Не раз прежде, раскрывая утреннюю газету, Хал читал про катастрофы в шахтах, но теперь катастрофа разразилась над людьми, которых он лично знал. Самым невыносимым оказалась полная беспомощность его самого и всех остальных. С каждой минутой Хал яснее понимал всю глубину этой беспомощности: он судил о ней по восклицаниям Коттона и рабочих, которых он расспрашивал. Это было чудовищно, невероятно, но это было так! Придется послать за новым вентилятором и ждать, пока его привезут, потом установить его и пустить в ход; и уже после этого надо будет ждать в течение многих часов, чтобы главные штреки очистились от дыма и газа, — а до тех пор никто ничего не может сделать, абсолютно ничего! Люди так и останутся в шахте. Те, кто избежал смерти во время взрыва, заберутся в дальние проходы и забаррикадируются от ядовитой окиси углерода, образовавшейся после взрыва. Там им придется просидеть голодными, без воды и без воздуха, в ожидании, в долгом, томительном ожидании, пока спасательные отряды не доберутся до них наконец.
26
Среди этого смятения Хал все старался припомнить, кого он знает из шахты № 1. Сам он работал в шахте № 2 и, естественно, больше сталкивался с людьми оттуда. Но и здесь у него были знакомые: например, старик Рэфферти, Берк — отец Мэри, поляк Замировский — один из инициаторов движения за контролера. Внезапно в памяти всплыло лицо этого терпеливого человечка, так добродушно улыбавшегося, когда американцы пытались выговорить его фамилию. Потом мысли переключились на Рэфферти — отца многочисленного семейства. Какие жалкие усилия делал он, чтобы сохранить милость своих хозяев! А бедный Патрик Берк, которого Хал ни разу не видел трезвым; сейчас-то он без сомнения трезв, если еще в живых!

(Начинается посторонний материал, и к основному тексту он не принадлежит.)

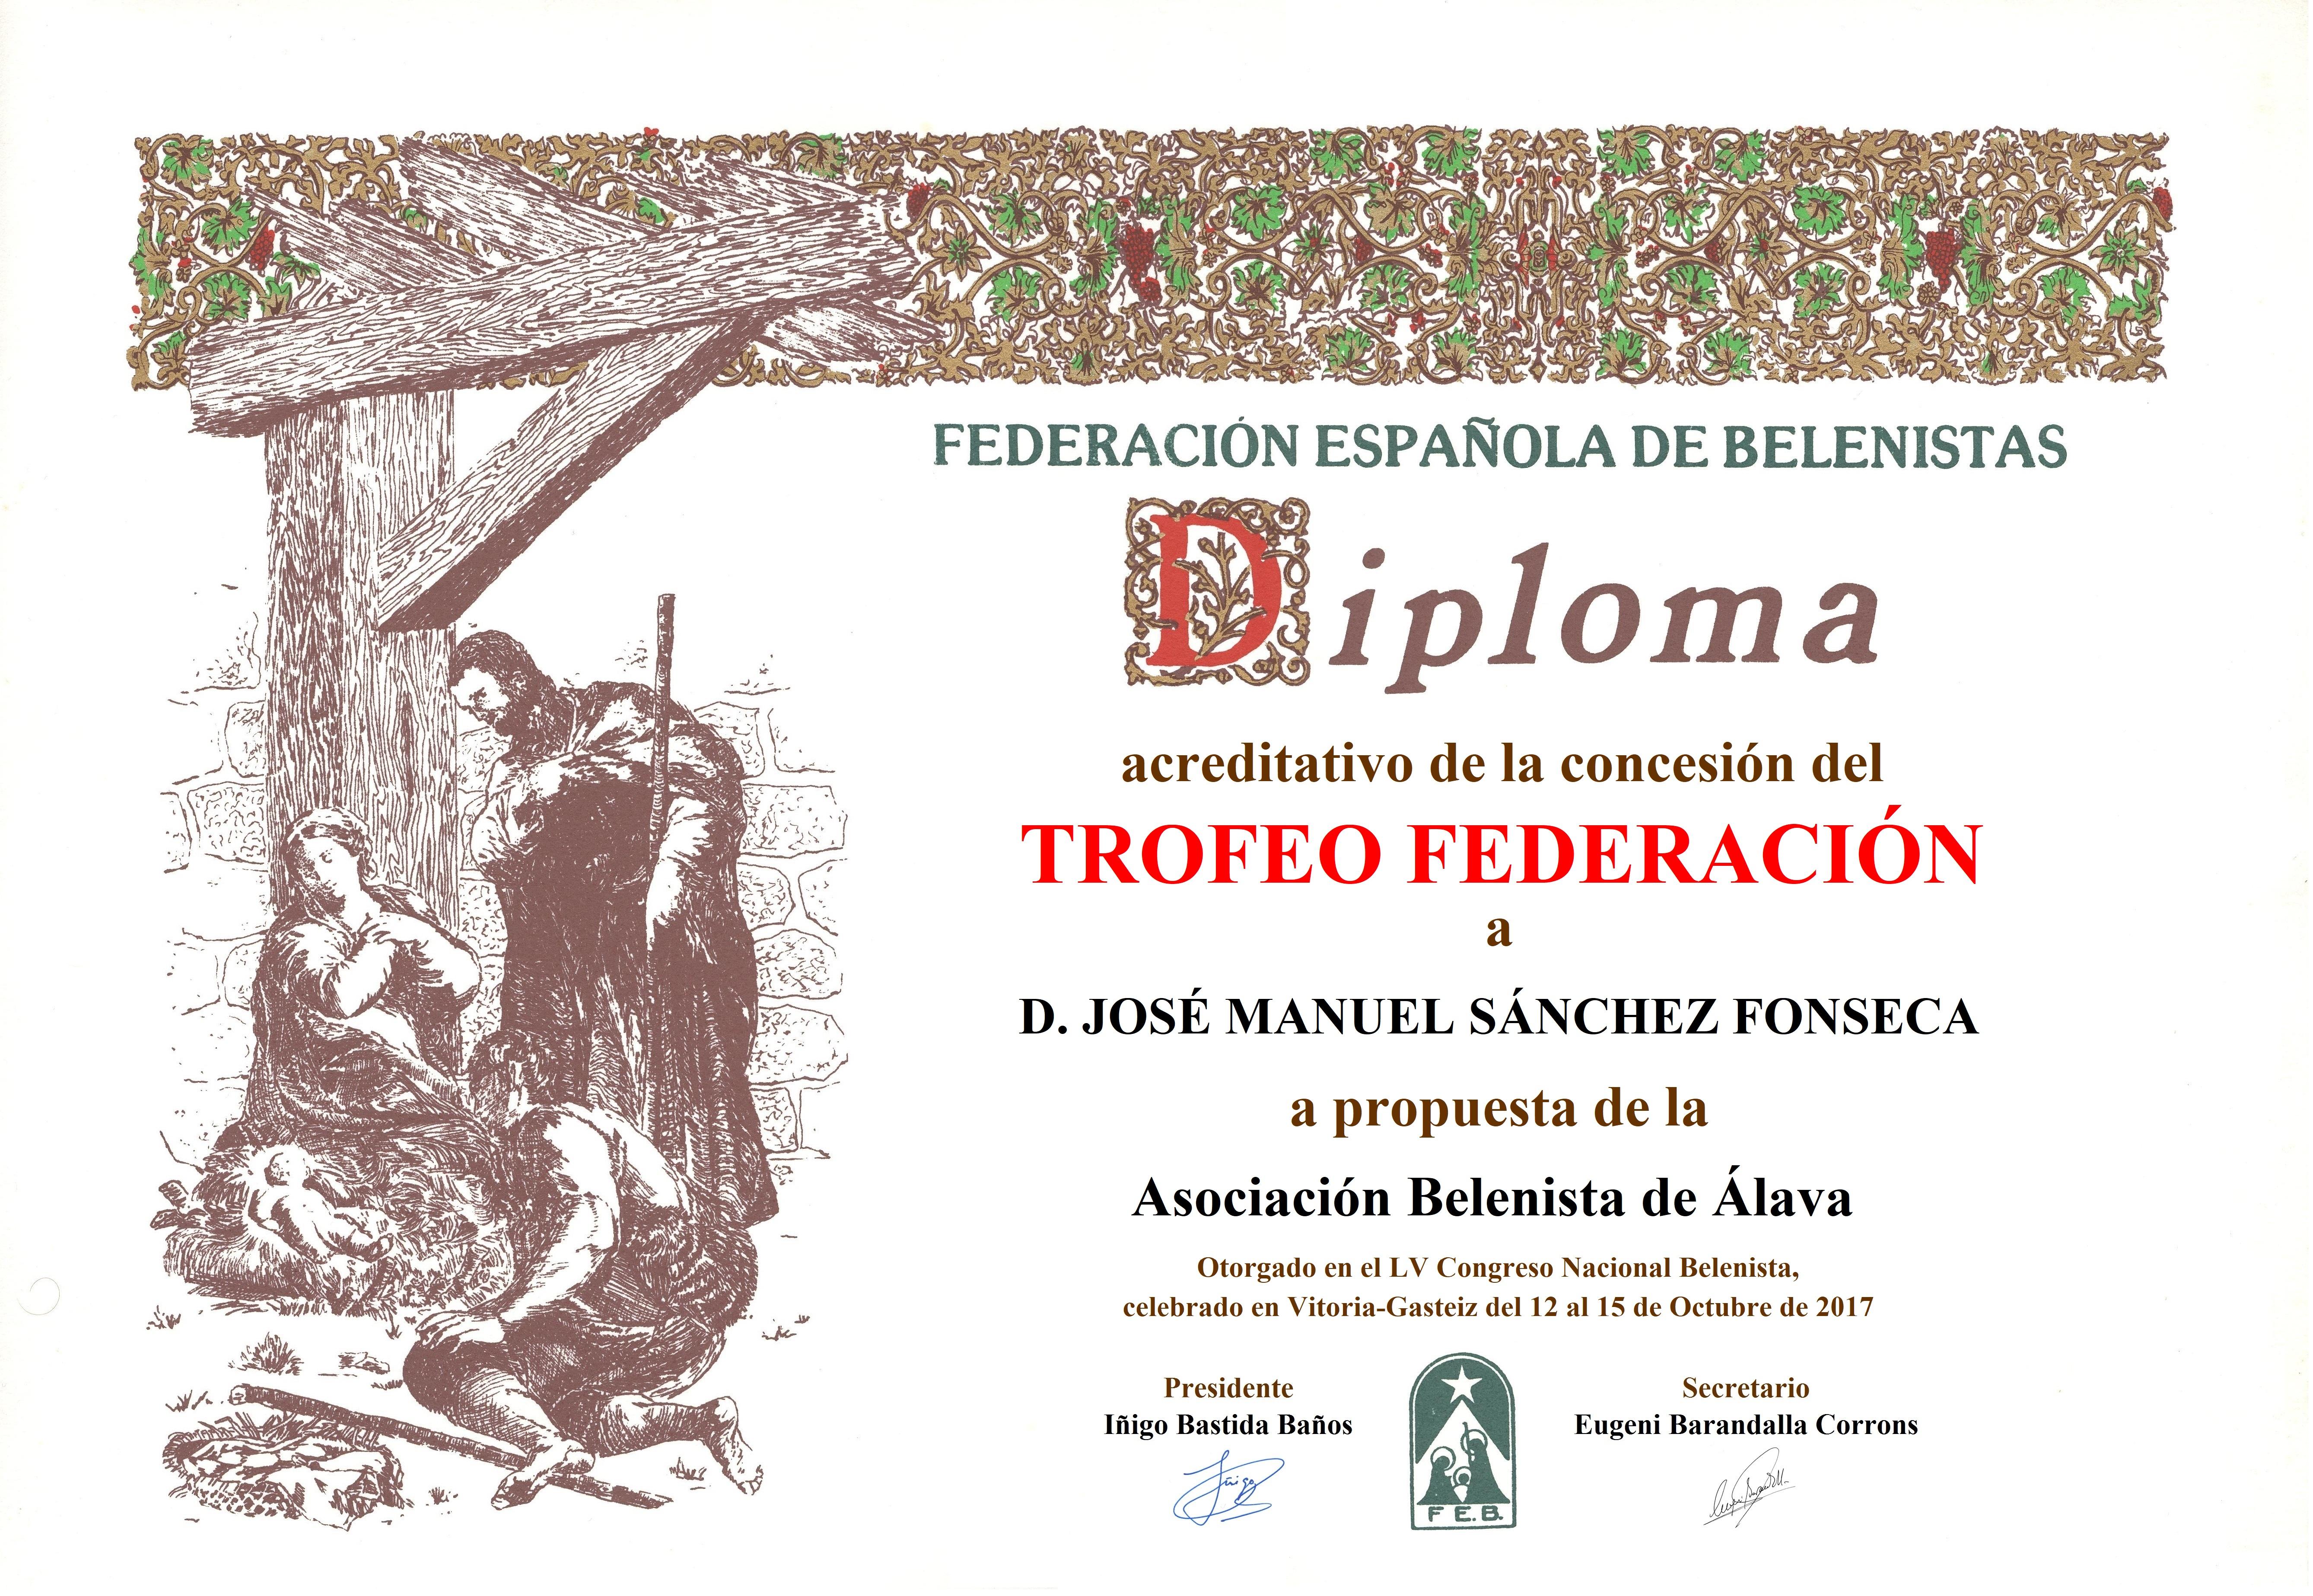 José Manuel Sánchez Fonseca - Diploma Trofeo FEB 2017
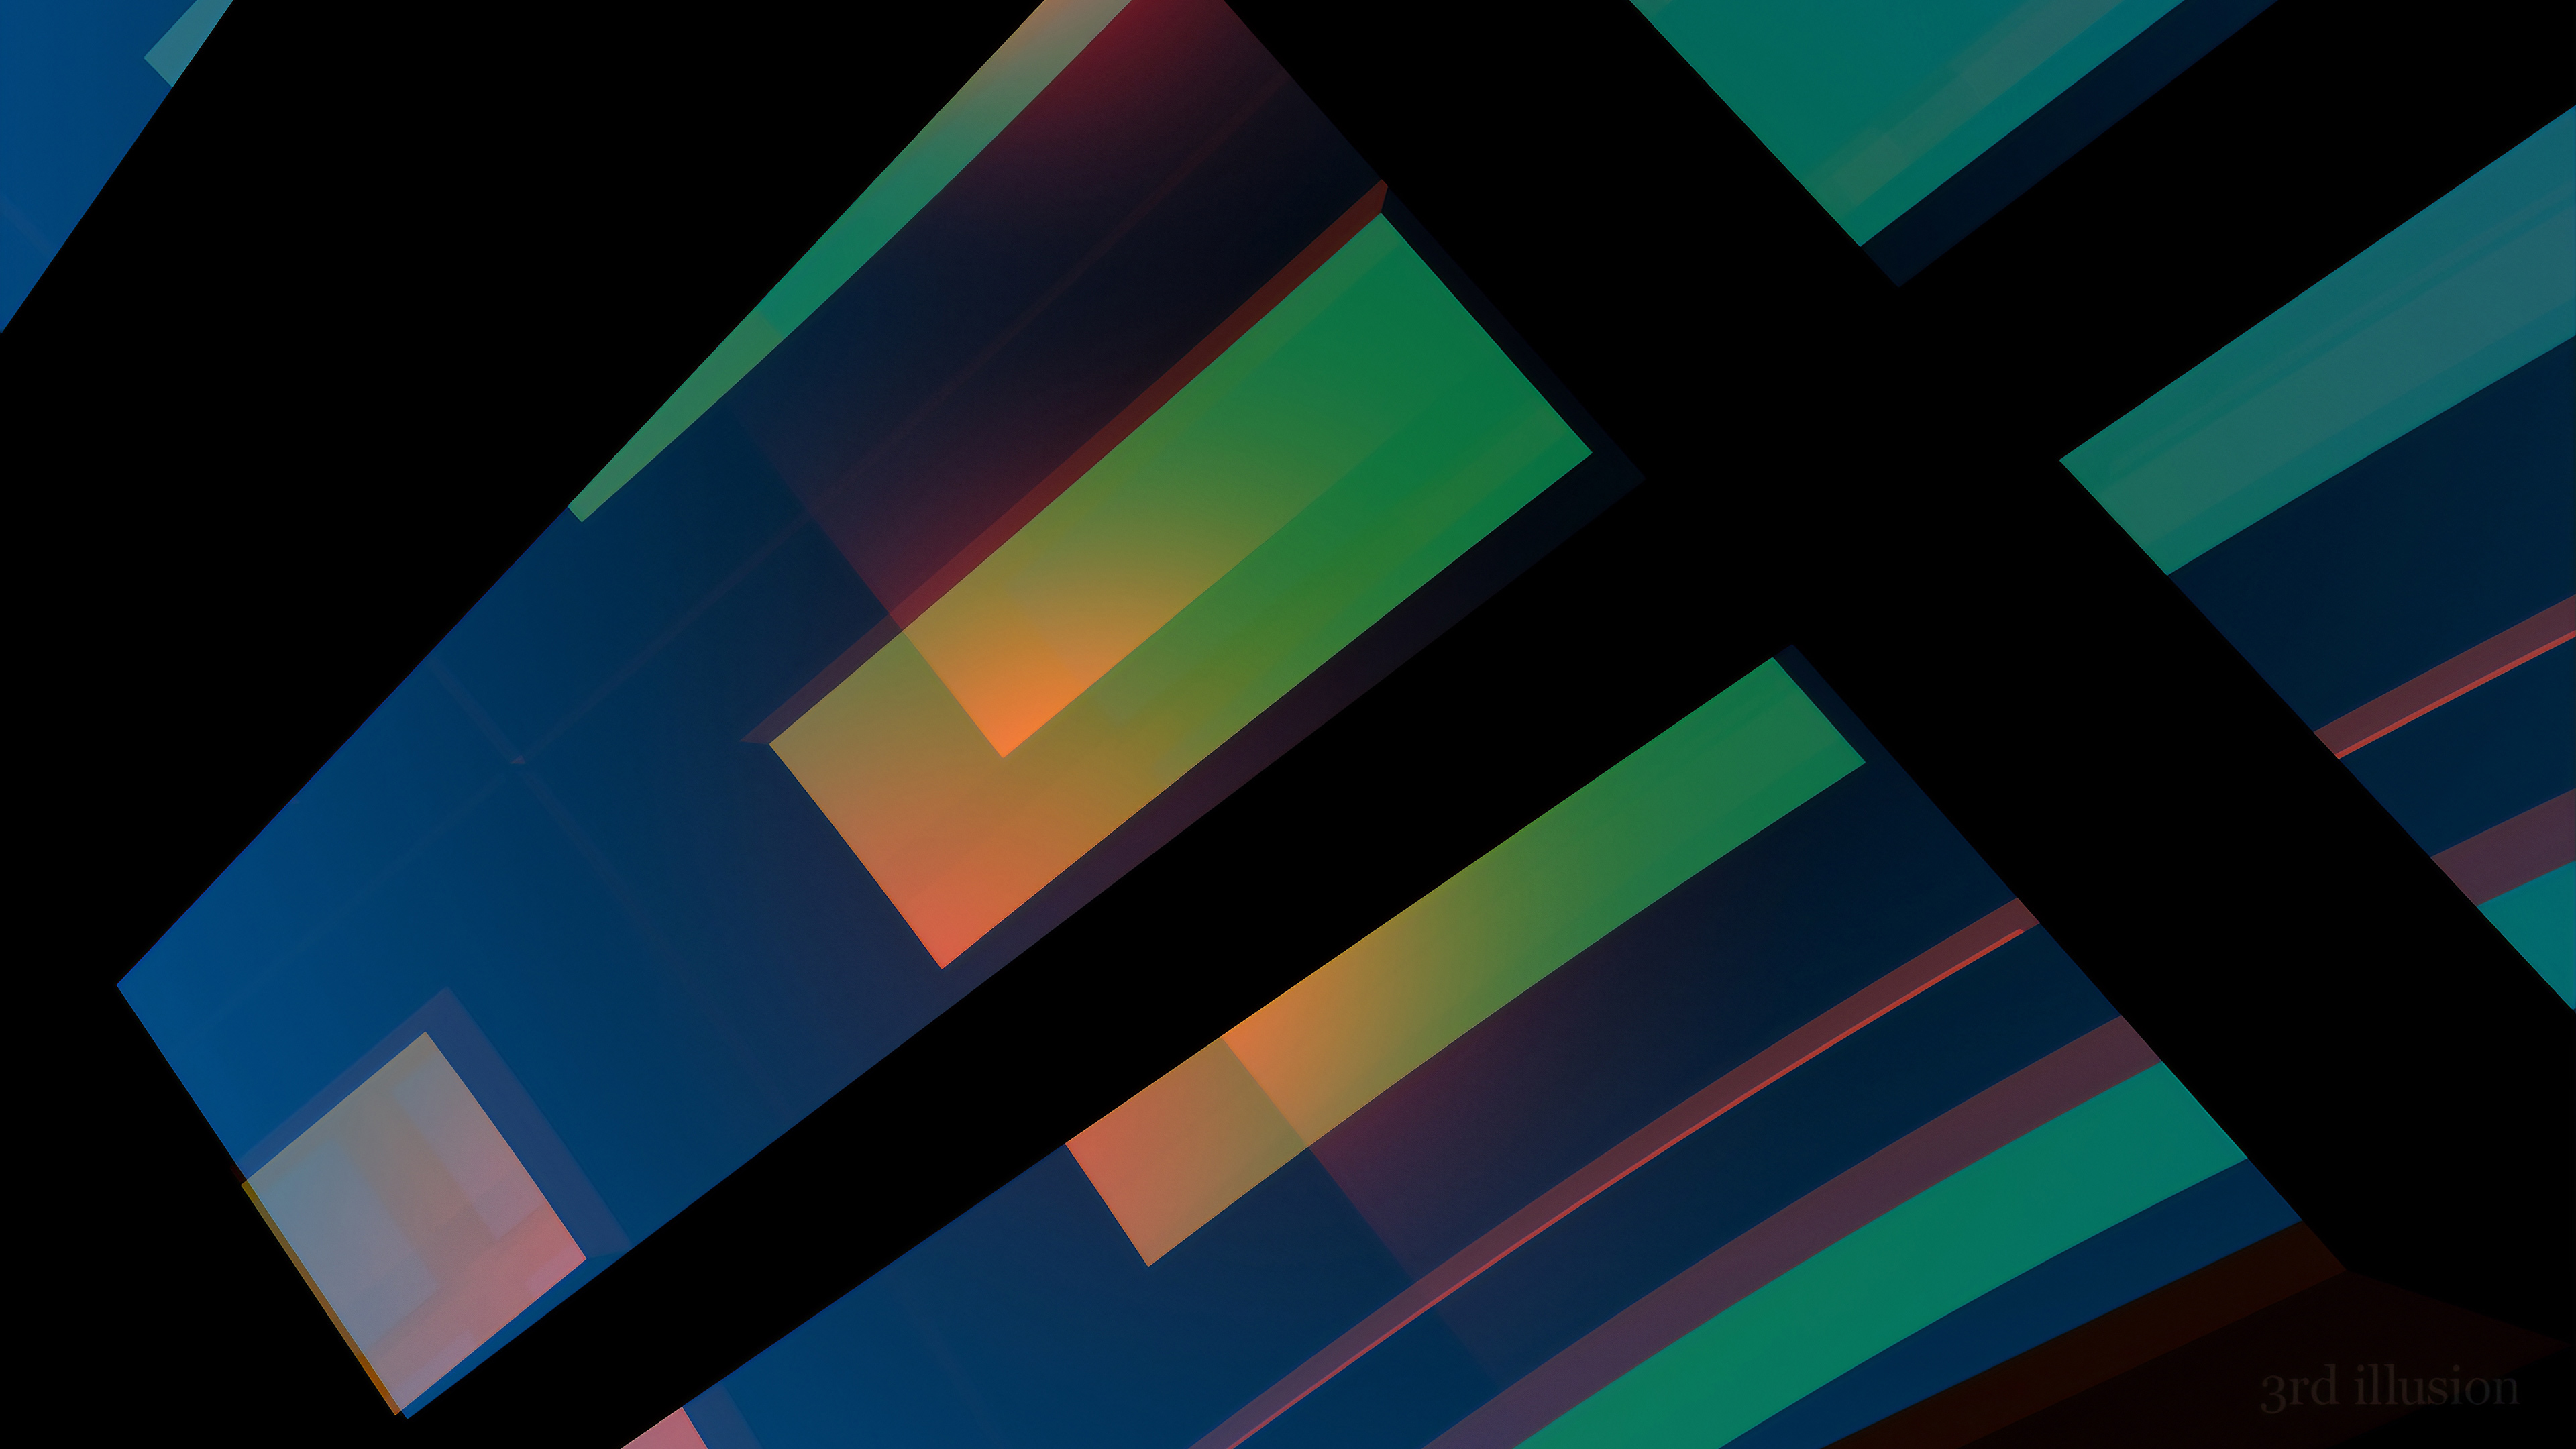 fragments 1570394948 - Fragments - hd-wallpapers, digital art wallpapers, deviantart wallpapers, artwork wallpapers, artist wallpapers, abstract wallpapers, 4k-wallpapers

В толпе Хал столкнулся с Джерри Минетти и узнал, что в шахте находится еще один его знакомый — Фаренчена, итальянец, обманутый своей «фанчиуллой», а также — Иуда Апостоликос. Тридцать сребреников, наверное, при нем, но в этот смертный час зачем они ему?
Люди вокруг, как и Хал, расспрашивая друг друга, составляли списки пострадавших. Не все версии, однако, оказывались точными — иные опровергались при весьма волнующих обстоятельствах: вот женщина вся в слезах вытирает лицо фартуком; но вдруг, подняв глаза, она пронзительно вскрикивает и бросается на шею какому-то рабочему. Халу и то показалось, что ему мерещится, когда внезапно он заметил окруженного толпой Патрика Берка. Он поспешил к старику, чтобы послушать его рассказ: какой-то итальянец утащил у него крепежный материал, и Патрику пришлось подняться наверх, чтобы возобновить свой запас. Он спасся только благодаря этому, а вор остался под землей, — может быть, скажете, что это не рука провидения, карающая негодяев?
Хал осведомился, забегал ли Берк домой успокоить семью.
— Забегать-то забегал, да никого там не было, — ответил старик.
Тогда Хал, с трудом пробивая себе дорогу в толпе, бросился искать Мэри, или хоть ее сестренку Дженни, или братишку Томми. Он упорно продолжал поиски, хотя несколько сомневался, что семья такого безнадежного пьяницы будет рада этому заступничеству судьбы.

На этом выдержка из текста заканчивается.